Gaetano Donizetti (1797-1848) Lucia di Lammermoor: 'Regnava nel silenzio' Donizetti’s Lucia di Lammermoor, based on a novel by Walter Scott called the Bride of Lammermuir, depicts the tragic fall of the Lammermoor family in the hills of south-east Scotland. In act I, Lucia must marry Lord Arturo Bucklaw, to save the family fortunes. Lucia is secretly in love with Edgardo of Ravenswood and the arranged marriage has a destabilizing effect on her already fragile emotions. On her wedding night, Lucia murders Arturo and then performs the famous “Mad Scene.” Before this, she sings the music we heard moments ago, in which she recounts to her maid that she saw a ghost of a girl who was killed by a Ravenswood ancestor.  

Samuel Arnold (1740-1802) Incidental Music to Macbeth Samuel Arnold’s incidental music was composed for a 1778 production of Macbeth at London’s Little Theater in the West End. The production was not a critical success, the consensus being that the acting was poor and the costumes were gaudy, however the music was well-received. In the eight musical episodes written for the play, Arnold attempted to capture a spirit of “Scottishness” using folksongs and a romanticized Scotch style to evoke the play’s setting. Glamis Castle is the residence of Macbeth in Shakespeare’s play, however historically there is no connection between the castle and the 11th-century Scottish king.
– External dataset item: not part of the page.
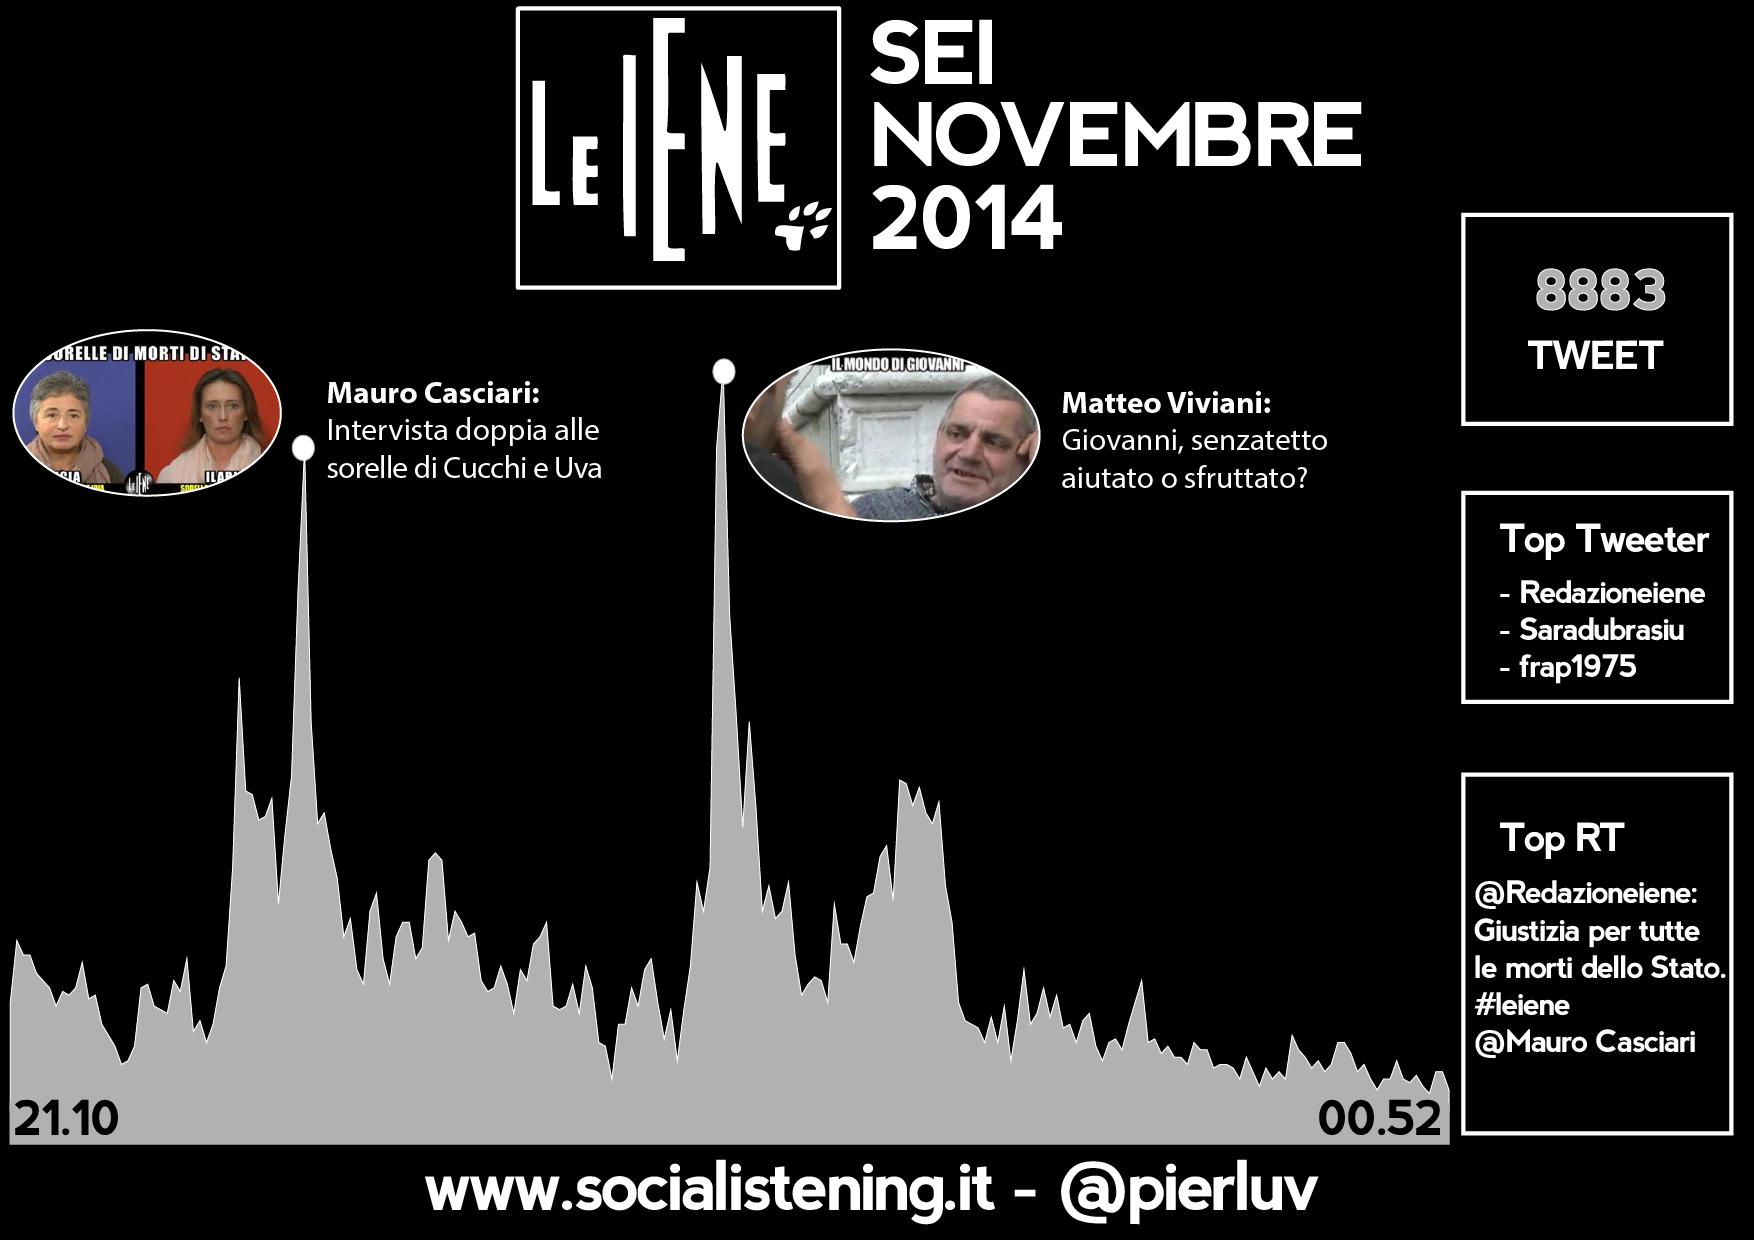 social listening le iene

In fact the current structure was built 400 years after King Macbeth’s reign.

Alexander Campbell Mackenzie (1847-1935) Pibroch, Suite for violin and orchestra Op. 42 Alexander Mackenzie was trained equally in classical violin and traditional Scottish fiddling. A full-time composer by the age of 32, Mackenzie’s compositions ranged from timeless tunes in the traditional style to Romantic art music, reflecting the unique parallel relationship of classical and folk music in Scotland. His Pibroch Suite for Violin and Orchestra incorporates a genre from Highland piping. Traditionally a pibroch was a type of ceremonial music performed to celebrate or lament an important event. The piper begins with a slow theme and follows it with a series of variations with progressively more complex embellishments. The first two movements of Mackenzie’s suite recall the free-form character of the genre with a rhapsody and a caprice. The final dance movement incorporates traditional melodies sourced from a 1625 manuscript.
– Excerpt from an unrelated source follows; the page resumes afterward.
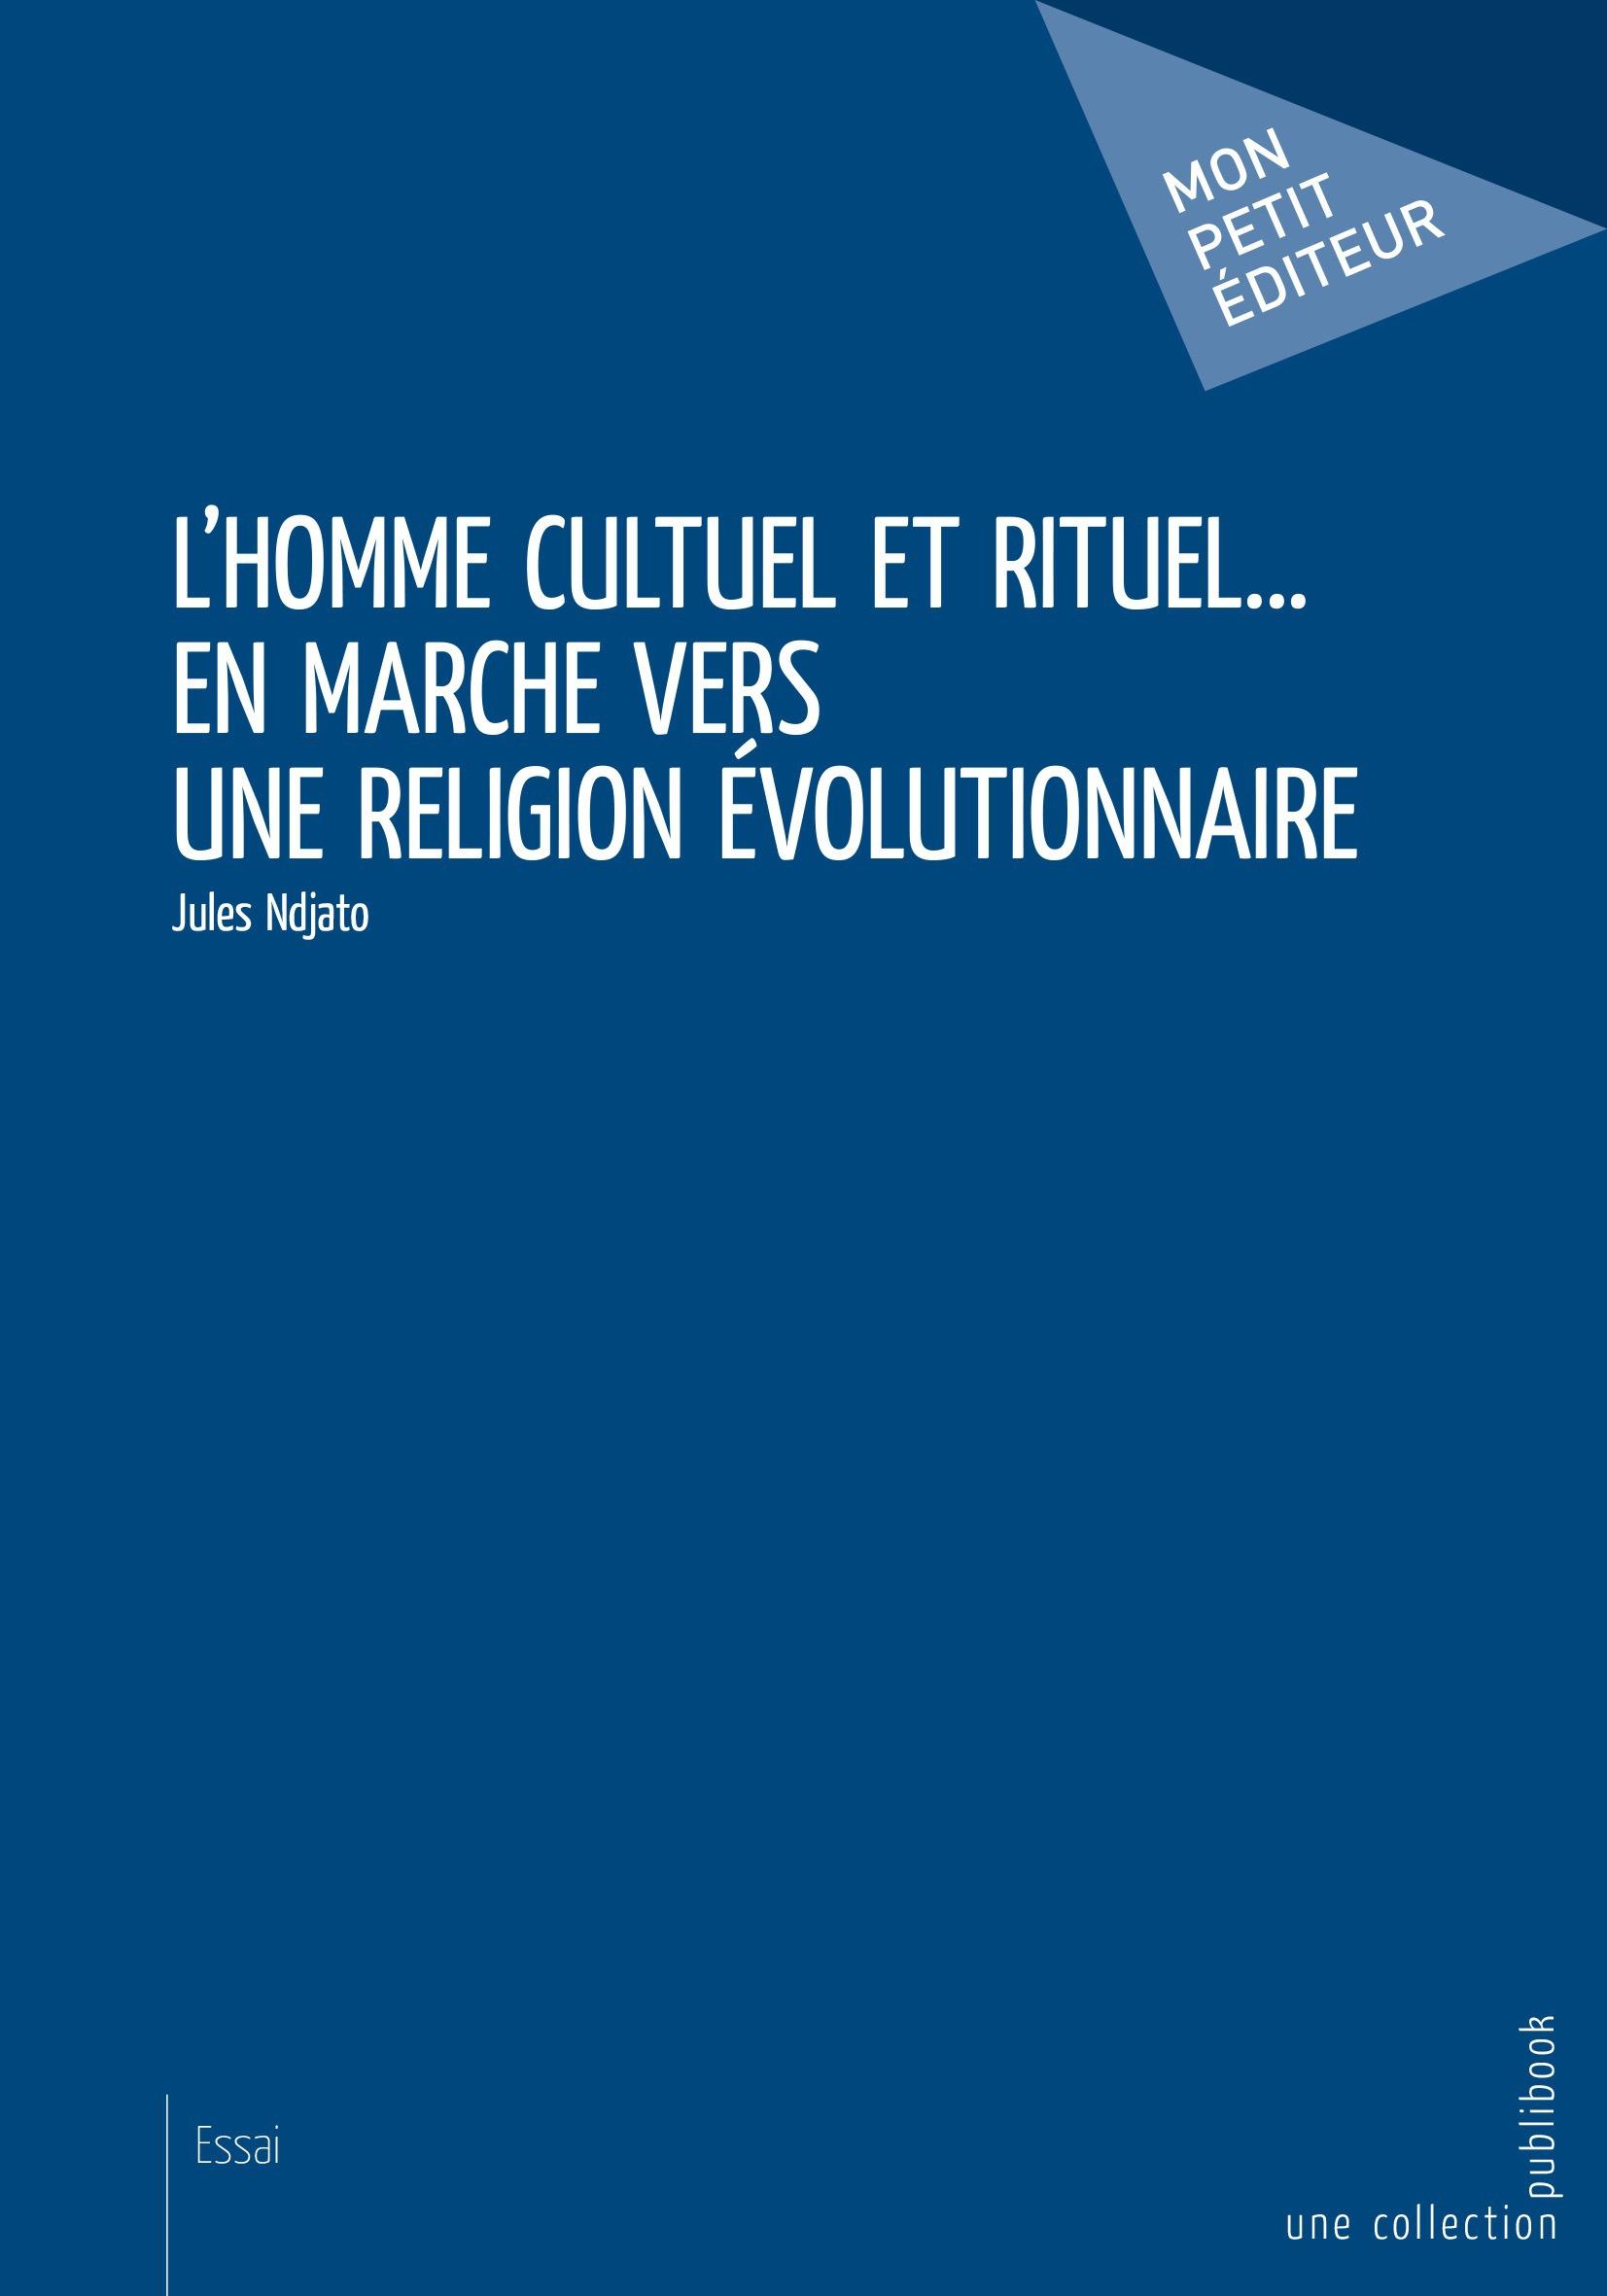 Jules Ndjato L'homme cultuel et rituel... en marche vers une religion évolutionnaire

William Kinloch (fl. c. 1600) Kinloch's Fantasies William Kinloch was a contemporary of William Byrd, and one of the few 17th century Scottish composers whose music has survived. Even more unusual is that he was a keyboard composer, when Scotland would soon become known throughout Europe for its fiddle tunes. Likely in the 17th century, and certainly by the 18th, when the first Scottish Fantasies began to appear, Scottish musicians  enjoyed an usually large amount of musical literacy, meaning that the folk tunes and classical pieces alike were committed to manuscript and freely mixed. A hybrid classical folk style emerged, in which Scottish fiddlers began to incorporate classical techniques into their playing, while highland folk tunes and dance figures appeared in sonatas, dance suites and concert pieces. This recording comes from the group Puirt A Baroque, who specialize in Baroque, Scottish and Cape Breton styles. 
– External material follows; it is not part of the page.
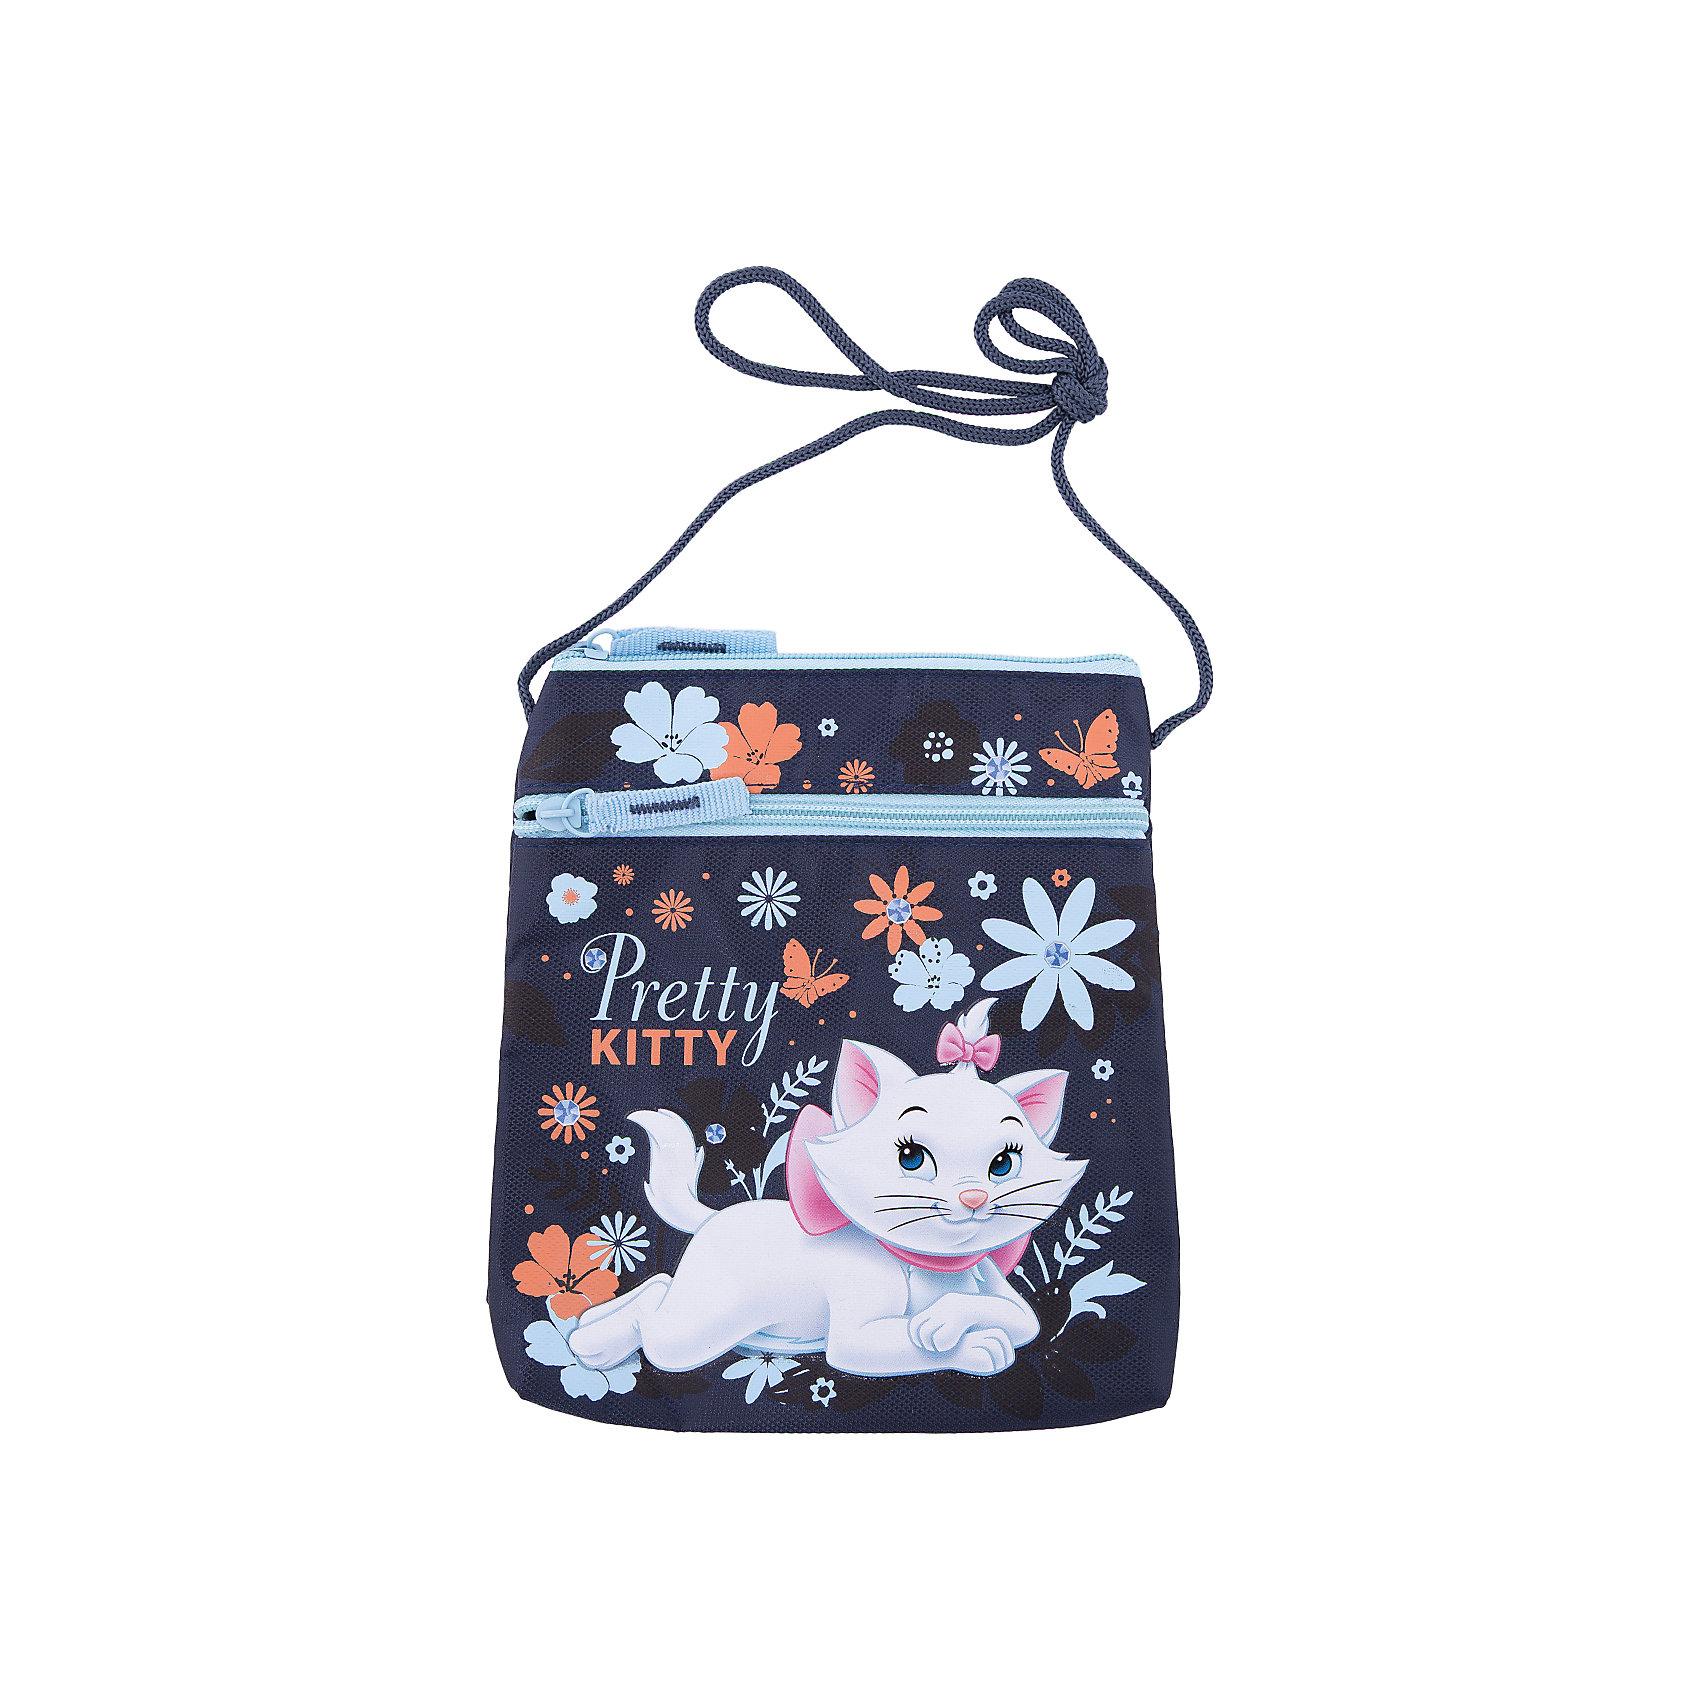 Академия групп Сумка-планшет Кошка Мари, Коты-Аристократы купить бурманская кошка в омске

Capercaillie Alasdair Mhic Cholla Ghasda Capercaillie was founded in 1984 by accordionist Donald Shaw. The band is from the Argyll region of Scotland and takes its name from the Scottish Gaelic word for a wood grouse. Singing in both Scottish Gaelic and English, most of the members of Capercaillie are multi-instrumentalists and vocalists. They are known for developing a Celtic fusion style with traditional and modern instruments, such as electric guitar and bass guitar, and post-production effects. Their 1992 EP A Prince Among Islands features one of the first singles in Scottish Gaelic to ever reach the UK Top 40 chart. After a 2-year hiatus during the covid-19 pandemic the band has resumed touring internationally.